Los propósitos de Trapero quedan expuestos desde el principio. Una secuencia donde las dos hermanas yacen en la cama y evocan el recuerdo de juventud donde solían masturbarse juntas pensando en la figura de un trabajador de raza negra. Erotismo, planos detalle, primeros planos y suaves travellings por dos figuras femeninas que se funden y serpentean entre las sábanas. El espectro de Bergman sobrevuela durante toda la película, con esa constante referencia a la dualidad femenina escondida en relaciones binarias: madre/hija, hermana/amante, padre/masculinidad. Caras que se funden, reflejos que enmarcan rostros deformados por la frustración sexual, encuadres reencuadrados en el propio plano enfatizando esa idea del gran teatro familiar. Es aquí donde la libertad absoluta que Trapero se ha tomado dirigiendo y escribiendo La quietud parece querer despuntar, pero rápidamente deriva un estéril ejercicio de diálogos destinados a nada más que incomodar al espectador eliminando su capacidad para ser sugestionado y siendo instruido en cómo juzgar lo que ve. Lo que en Bergman era herencia de ese teatro de la crueldad y el absurdo donde la reiteración expresiva, los diálogos alargados, el minimalismo expresivo y la ironía deconstruían al hombre en atmósferas dotadas de un onirismo inmanente, queda en nada en manos de Trapero. Del teatro de la crueldad surge la necesidad permanente de impactar al espectador con sucesos dramáticos, pero llegados a punto del filme esos sucesos poco sorprenden cuando el metraje ya ha anticipado ese suceso en eternas discusiones. Del teatro del absurdo o la ironía de Strindberg La quietud parece querer aspirar a crear ese halo de atemporalidad, de tiempo congelado en un espacio de acción acotado – la finca familiar – , y omitiendo los sugerentes primeros compases, el resto del filme carece de la ironía y sus personajes de la profundidad para soportar una revisión existencialista.
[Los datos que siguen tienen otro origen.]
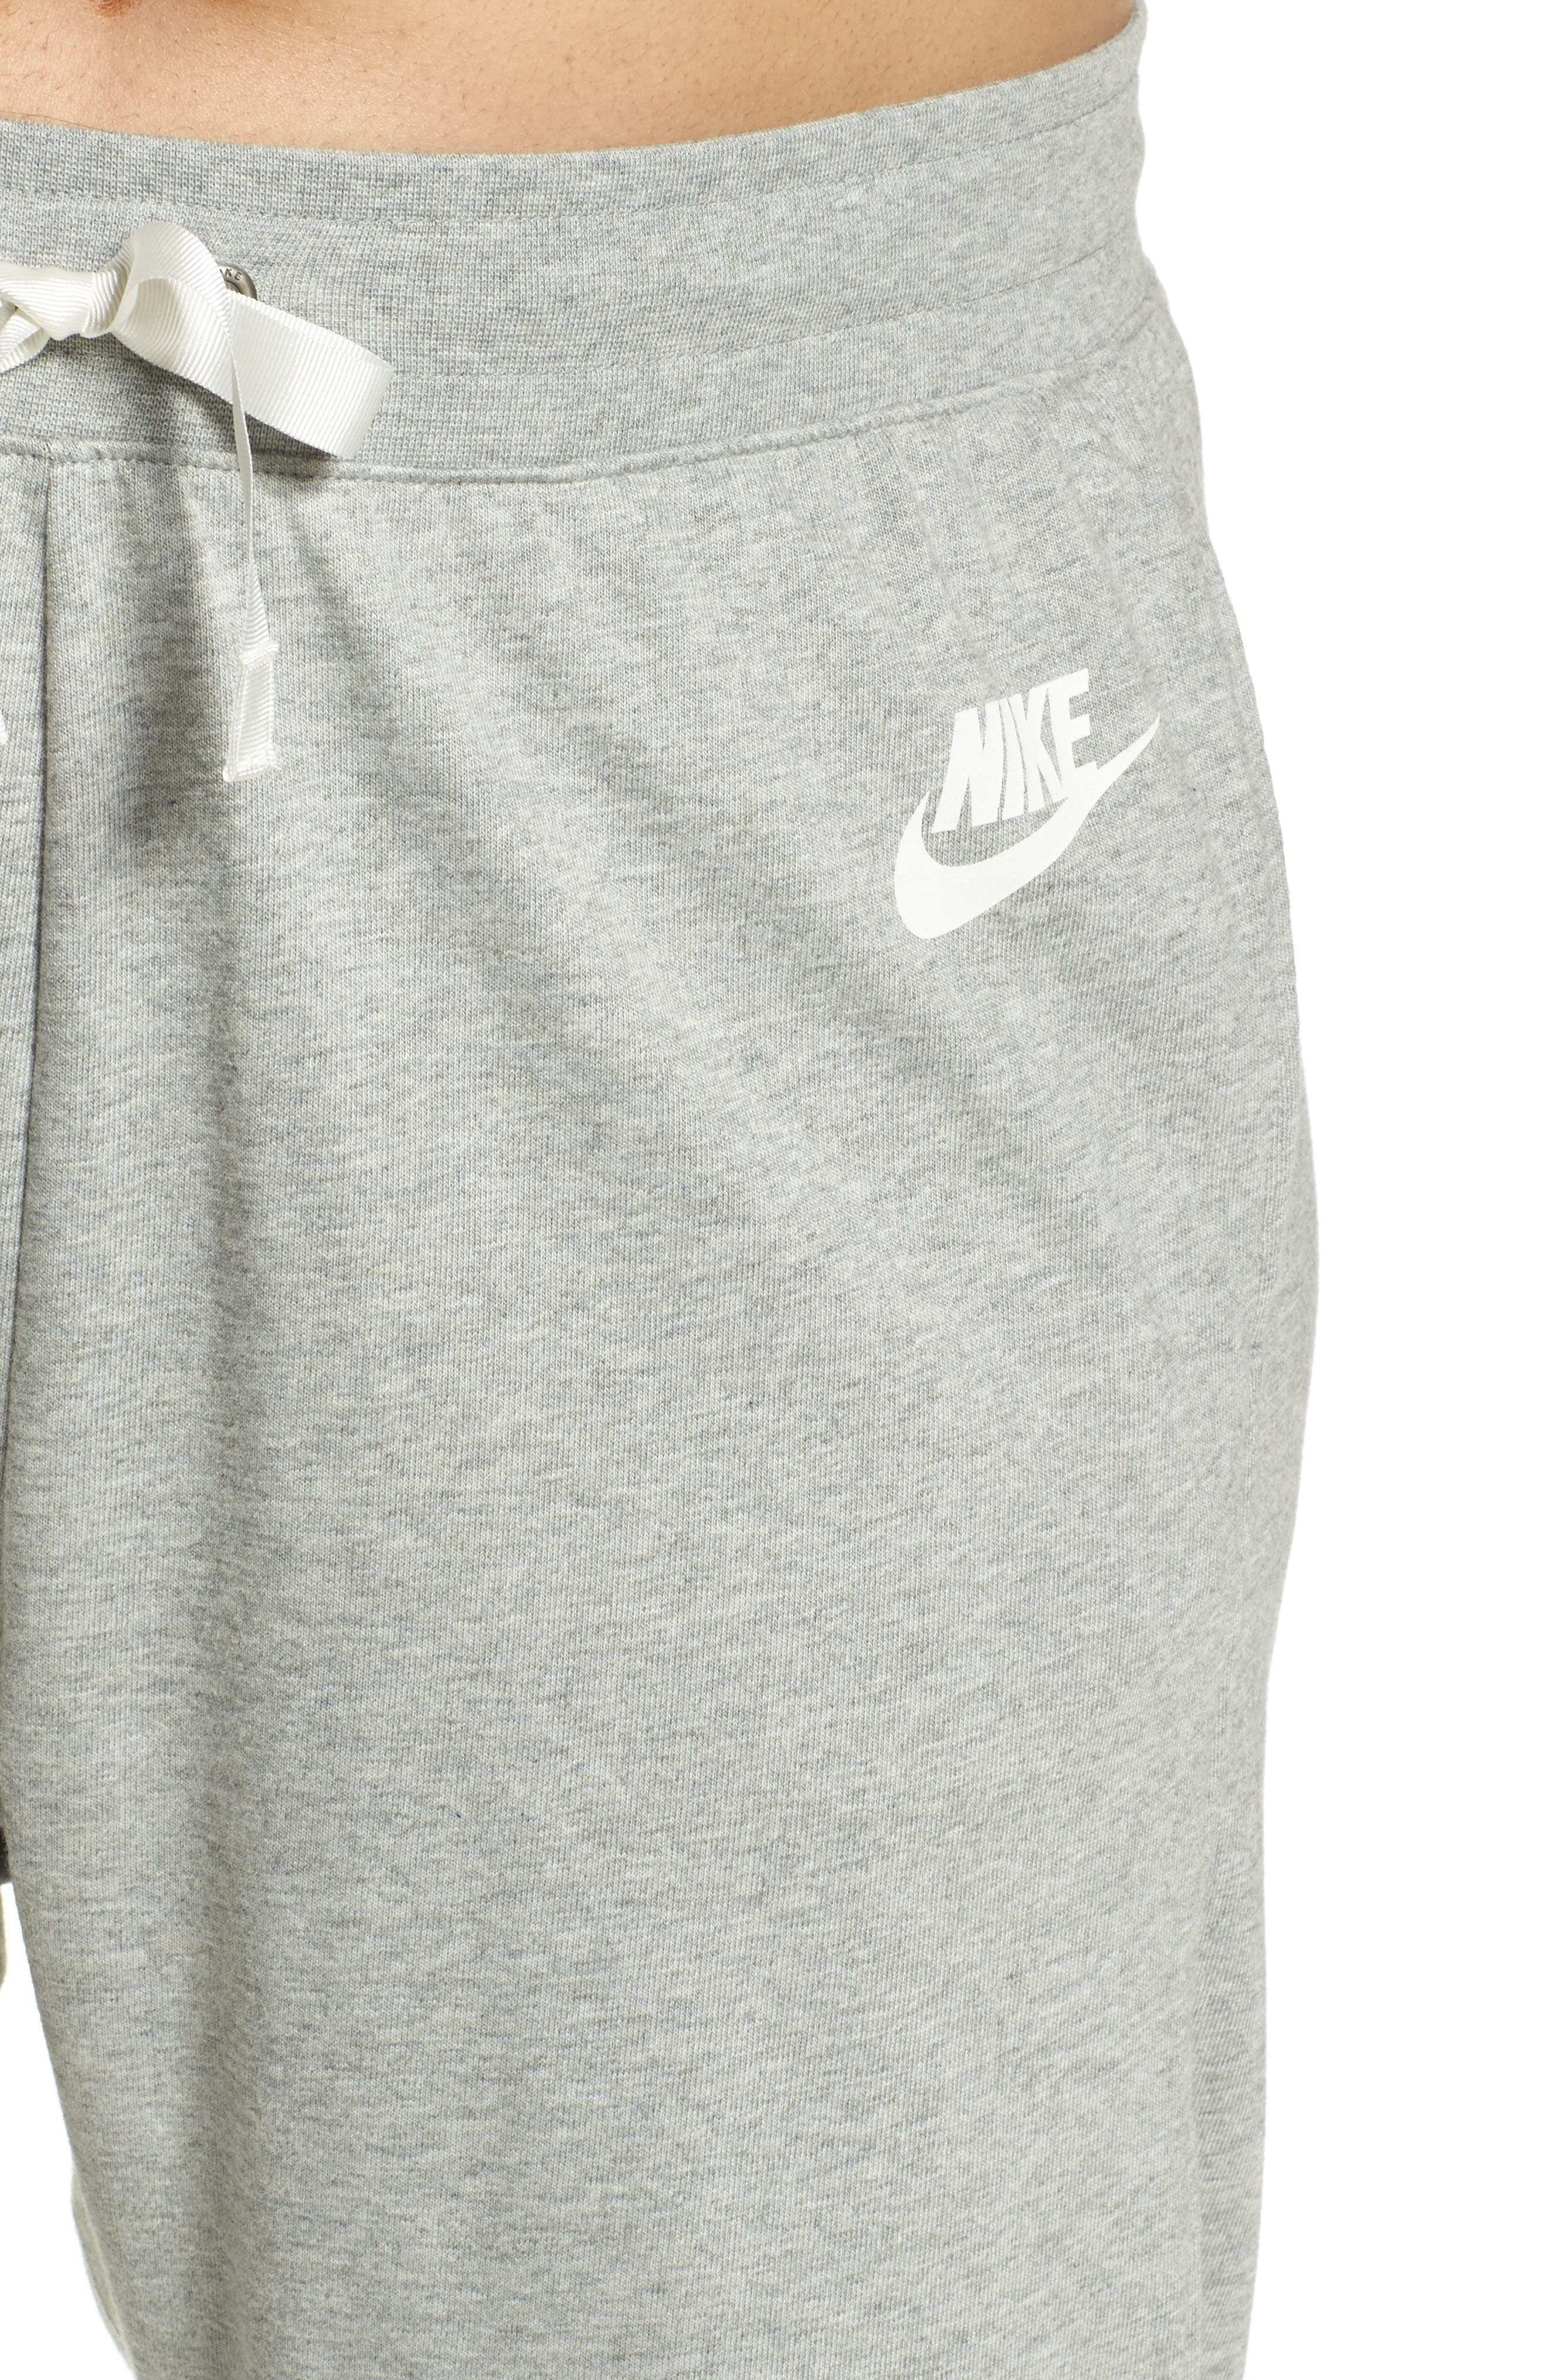 Sportswear Gym Classic Pants,                             Alternate thumbnail 4, color,                             Dk Grey Heather/ Sail

Aún con estos fallos Trapero apunta alto, existe un sustrato erótico y convive un tímido relato de obsesiones y parafilias cuya sutileza es tal que el espectador acaba preguntándose si no habría sido mejor arriesgar antes que ofrecer el sempiterno relato de una reunión familiar donde la burguesía dirime sus penas y reproches sin rascar la superficie. Para esa clase de retratos familiares marcados por la ironía y el humor negro ya tenemos films como Agosto (August: Osage County, John Wells, 2013), que se contentan con no ir más allá de un escrupuloso estudio de personajes. Viniendo de alguien tan mordaz como Trapero, y de una cinematografía como la argentina, tan evocadora en sus retratos desaforados de la inanición de la burguesía y alta sociedad, tan capaz de registrar la densidad psicológica de una clase estancada en sus vicios, todo parece insuficiente. Lucrecia Martel, Anahí Berneri o el propio Trapero son ejemplos de esta tendencia psicológica y existencial.
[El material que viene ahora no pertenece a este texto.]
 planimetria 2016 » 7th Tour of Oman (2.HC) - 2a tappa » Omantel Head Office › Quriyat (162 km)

Un ejercicio de libertad creativa que culmina con un salto al vacío y caída dolorosa. Atisbos de lo que podría haber sido, y la certeza de lo que es: un drama familiar descompensado y lastrado por la incapacidad de Trapero para conciliar registros dramáticos y superar el hieratismo de unas formas propias del telefilme que aunque podrían haber aportado un interesante contrapunto, en este caso pesan mucho en el desarrollo dramático y la coherencia de los personajes. La quietud es un filme incómodo, que parece no querer posicionarse y sobrevuela multitud de motivos sin ahondar lo suficiente en ninguno de ellos y deteniéndose en la contemplación morbosa de unos personajes que quedan lejos del espectro de Bergman.
Leyendo, sin haber visto la película, me vino a la mente, que tú también nombras, a Lucrecia Martel, y más particularmente, su ciénaga. Tendré que ver la peli de Trapero, al menos me has puesto los dientes largos con tu comentario. No importa lo extenso que sea, no se hace pesado, y cada párrafo es un descubrimiento, una mezcla de certeza e incertidumbre.